**SOURCE MATERIAL:**

╔══

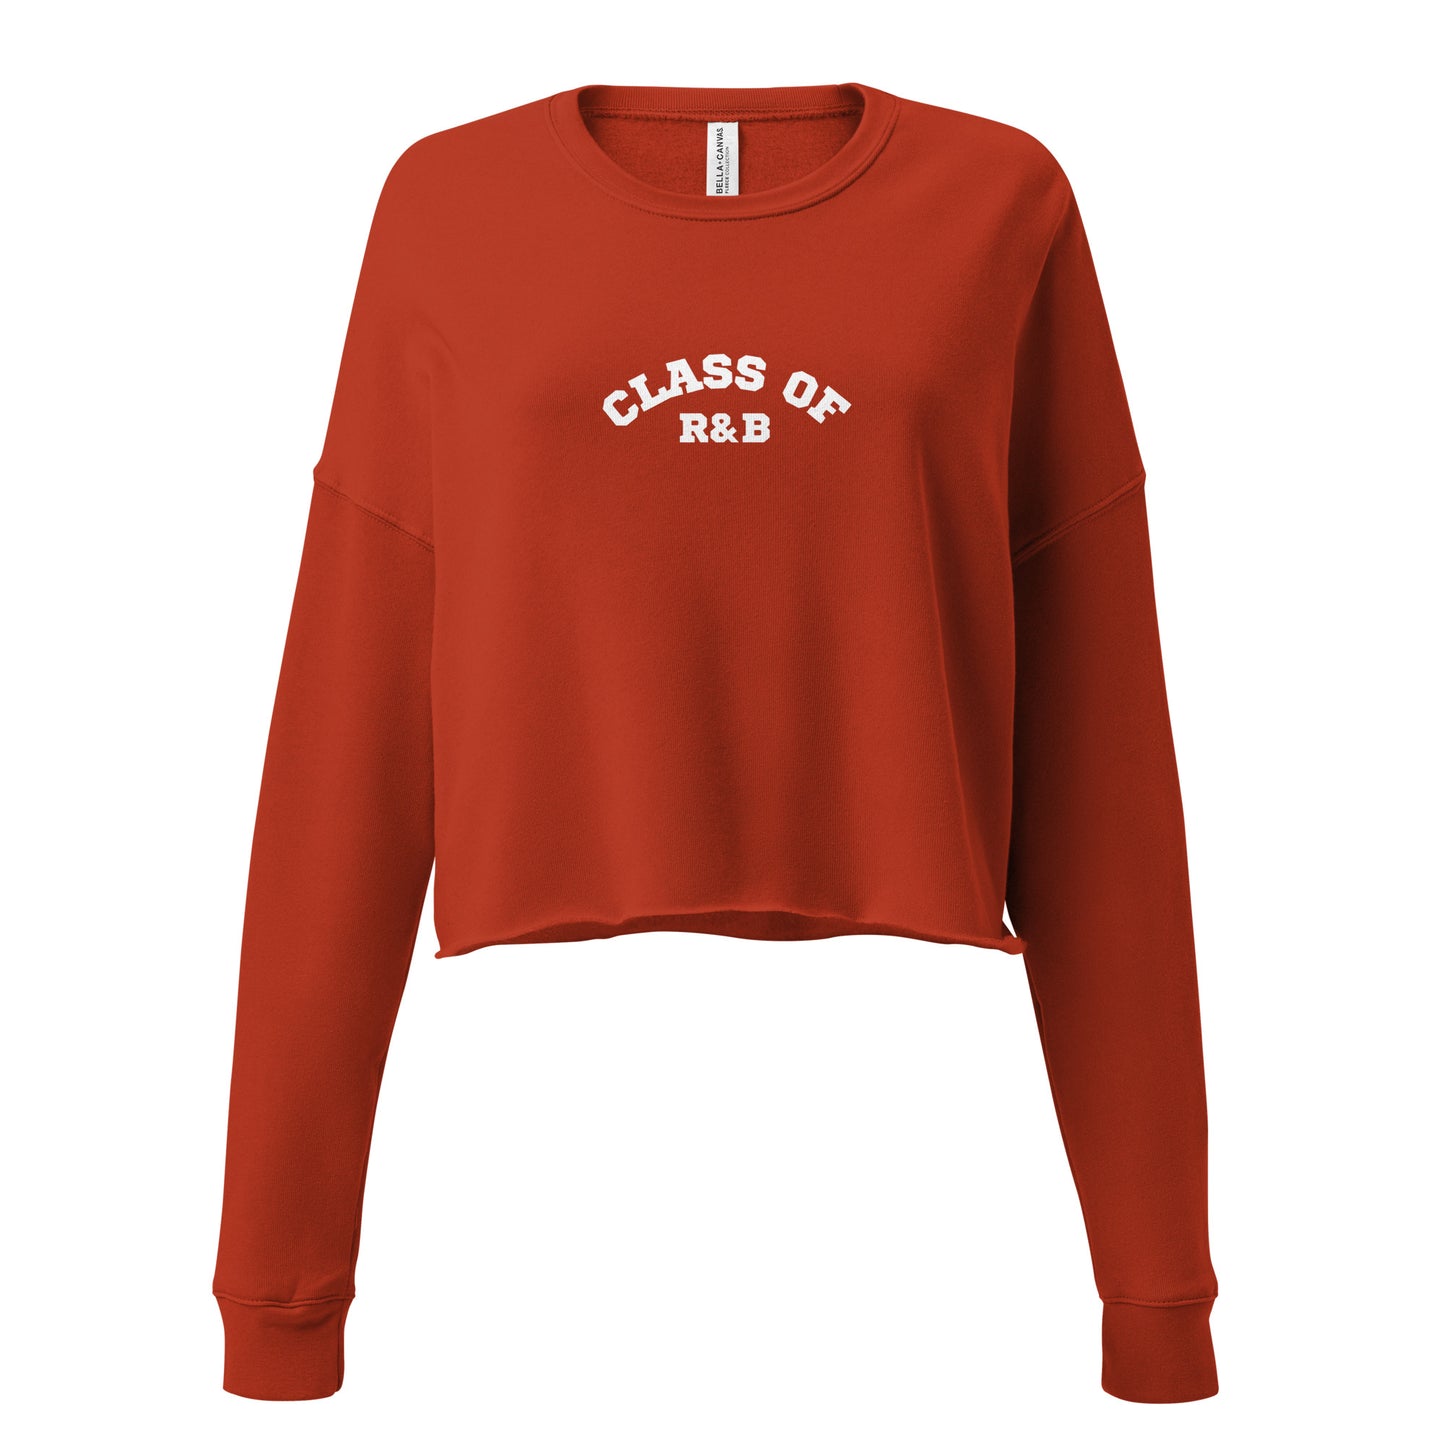 Class of R&B Crop Sweatshirt
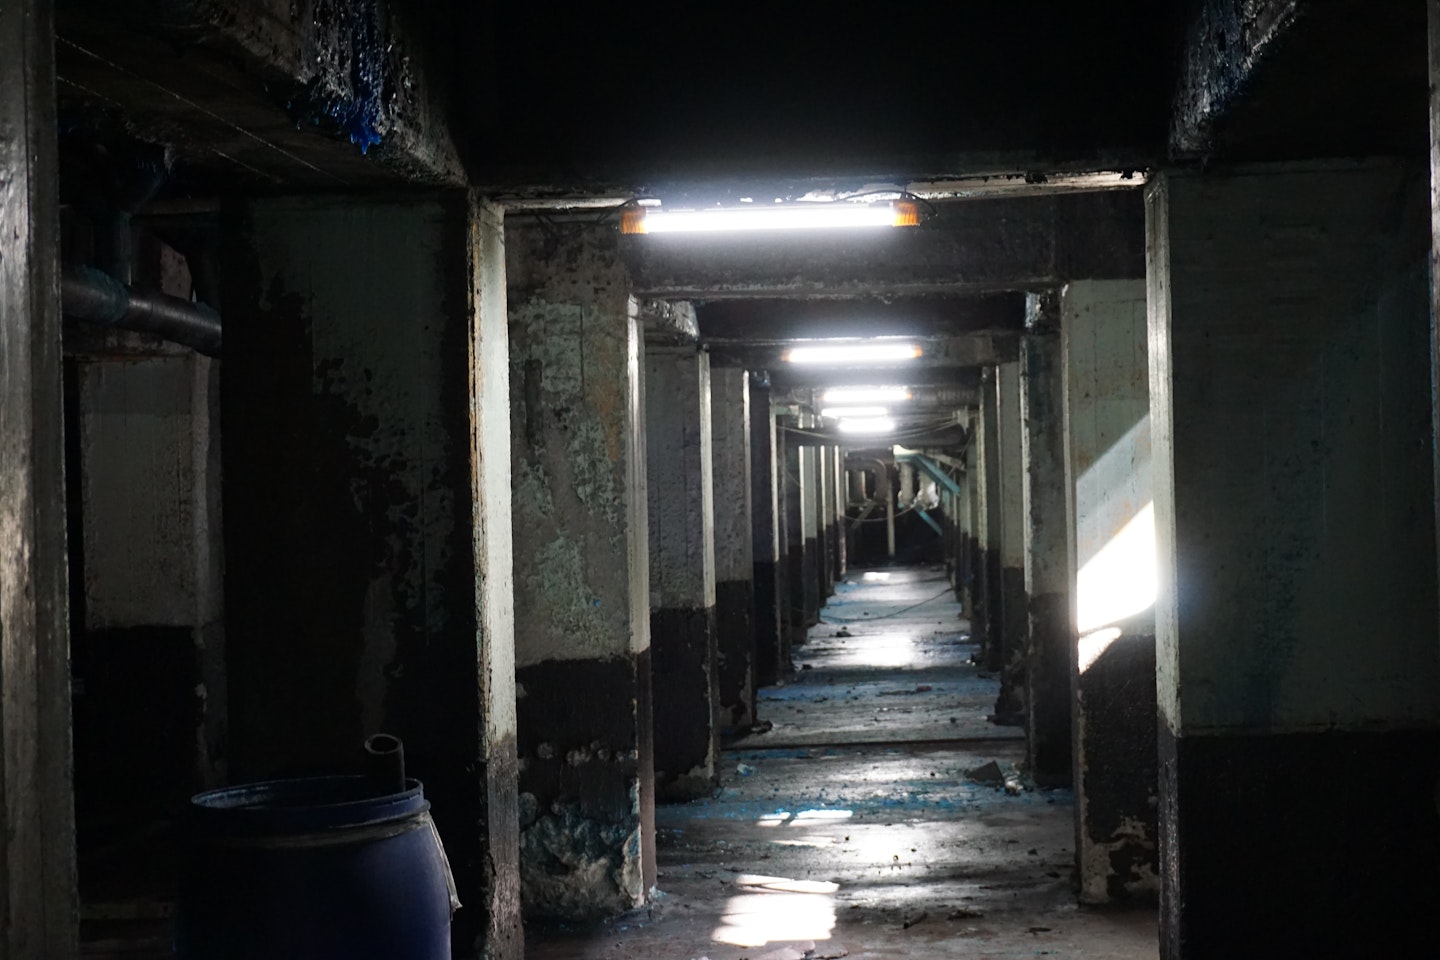 AC2 Mining Lead Light in application, installed in an underground mine long dark corridor
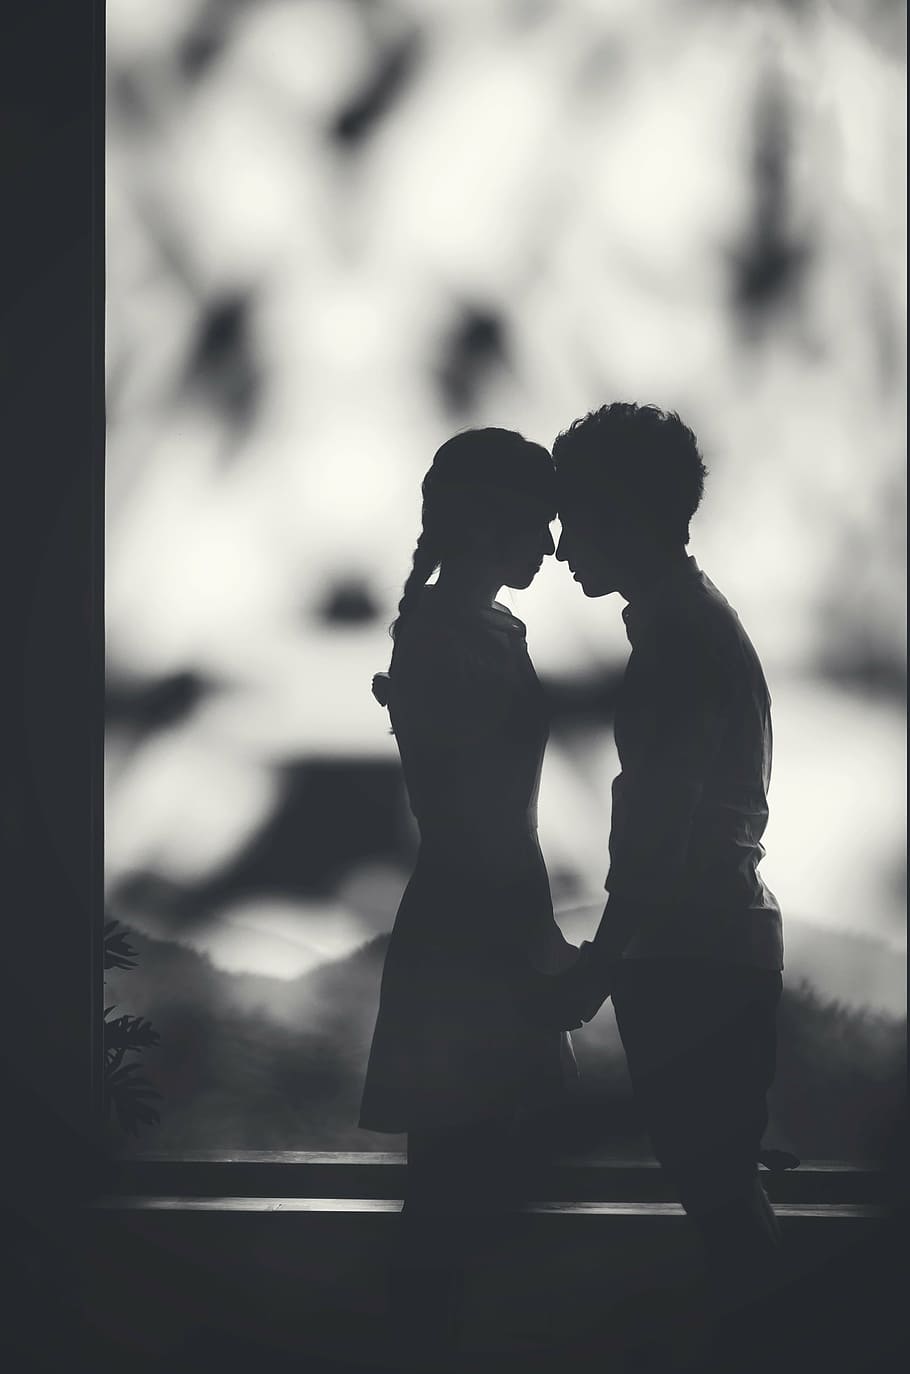 HD wallpaper: silhouette of couple grayscale photo, black, white, love, man  | Wallpaper Flare

╚══

**TASK GOAL:** Once the pictures are set aside, repeat the remaining data word for word.

**ANSWER AREA:**
 Class of R&B Crop Sweatshirt
 AC2 Mining Lead Light in application, installed in an underground mine long dark corridor
 HD wallpaper: silhouette of couple grayscale photo, black, white, love, man  | Wallpaper Flare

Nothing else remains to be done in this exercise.